Java at 1 Million TPS: What the Architecture Actually Looks Like

April 02, 2026 · By Satyendra Singh

    
    
    
    arch-analysis.sh
  

    sattu@prod-cluster
    :~/backend/scale
    $
     ./analyze --target=java --tps=1000000
  
> loading architecture layers...
RUNTIME      JDK 21 + virtual threads
CACHE HIT    95.8%
FRAMEWORK    Spring Boot 3.x / Quarkus
INSTANCES    50 pods active
EDGE         Cloudflare absorbing 70%
QUEUE        Kafka lag: 0ms
How a million-TPS Java
architecture actually looks
The framework is the least interesting part. What you build around it is everything.
1M
TPS TARGET
16.6K
REQ / SEC
8 min
READ TIME
sattu.in / engineering

Between slide decks promising "infinite scale" and the quiet panic of a 3 AM PagerDuty alert, there is a question worth answering: what does a Java system handling one million transactions per second actually look like in production?

No single Java framework gets you there on its own. Spring Boot did not build Twitter. Quarkus did not keep Grab alive during peak monsoon hours. The layers above and below your JVM process did. And whether Java is even the right language for your hot path is a question worth asking before you have 50 pods and a runbook.

16.6Krequests / second

95%+cache hit rate needed

50+service instances

The layered architecture

Every system at this scale is built in rings. Each ring absorbs what it can and passes only what it must to the next layer down.

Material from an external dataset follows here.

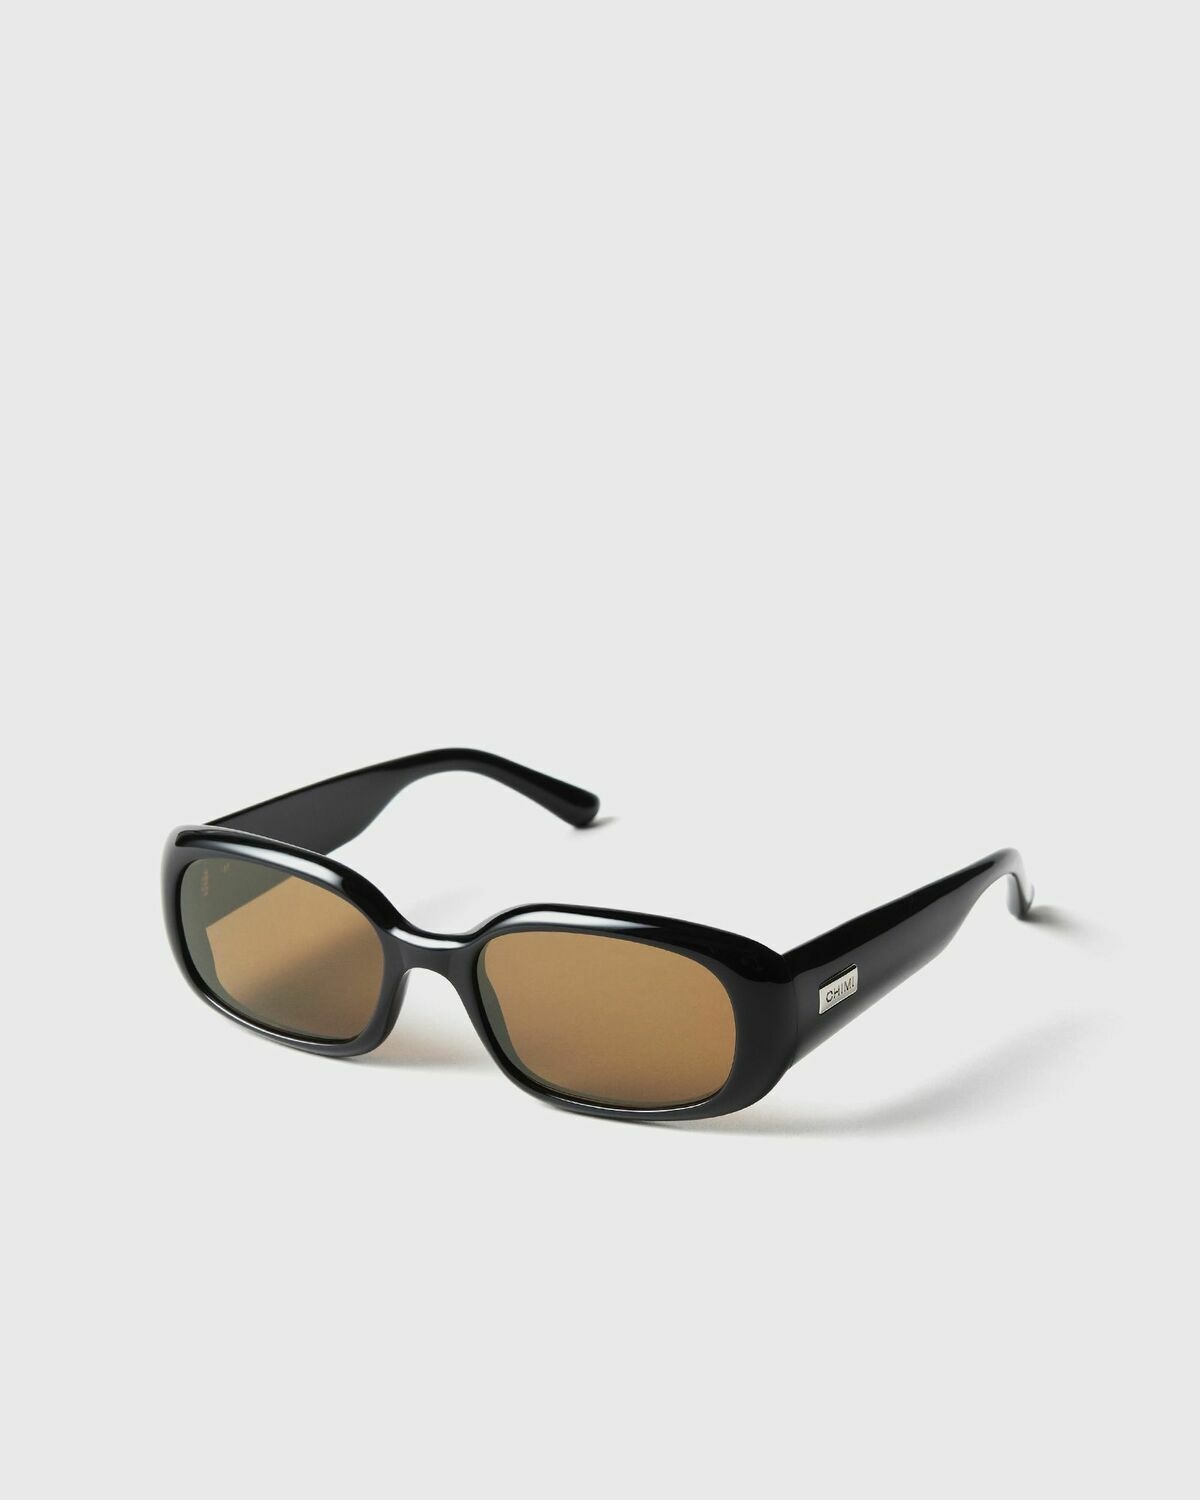 Chimi Eyewear Lax Black Sunglasses Black - Mens - Eyewear

01 Edge	CDN — absorbs ~70% of traffic Static assets, cached API responses, geographic routing. This traffic never reaches your JVM. Cloudflare handles it at the edge, often within 30ms globally. Cloudflare · AWS CloudFront · Akamai
02 Ingress	Load balancer + API gateway L4 balancing distributes TCP connections. The gateway handles auth, rate limiting, and routing before a single byte touches service code. AWS ALB · NGINX · Spring Cloud Gateway · Kong
03 Compute	Spring Boot / Quarkus instances (30–50 pods) Reactive I/O (WebFlux + Netty) or JDK 21 virtual threads. Both solve the one-thread-per-request bottleneck Tomcat hits. Spring WebFlux · Quarkus Reactive · JDK 21 Virtual Threads · HikariCP
04 Queue	Async offload via message broker Anything that does not need a synchronous response goes on a queue. Orders, notifications, audit logs drain asynchronously, protecting the database from write spikes. Apache Kafka · RabbitMQ · AWS SQS
05 Cache	Redis cluster — load-bearing at this scale At 95%+ cache hit rates, your database handles only 5% of reads. Redis is not an optimisation here. It is structural. Redis Cluster · Memcached · Spring Cache
06 Storage	Read replicas + write sharding One primary for writes, three or more replicas for reads. Indexes on every queried column. This sounds obvious until you are staring at a full table scan at 3 AM. PostgreSQL · MySQL · Cassandra · PlanetScale

"The framework is your engine. The architecture around it determines whether you survive the load, and whether your on-call rotation survives the night."
A lesson learned in production, not in tutorials

The thread model question

Traditional Spring Boot with Tomcat gives you one OS thread per request. At 1M TPS with average latency of 60ms, that means roughly 60,000 concurrent threads. Memory exhaustion, context-switching overhead, and a performance cliff you hit hard and without much warning.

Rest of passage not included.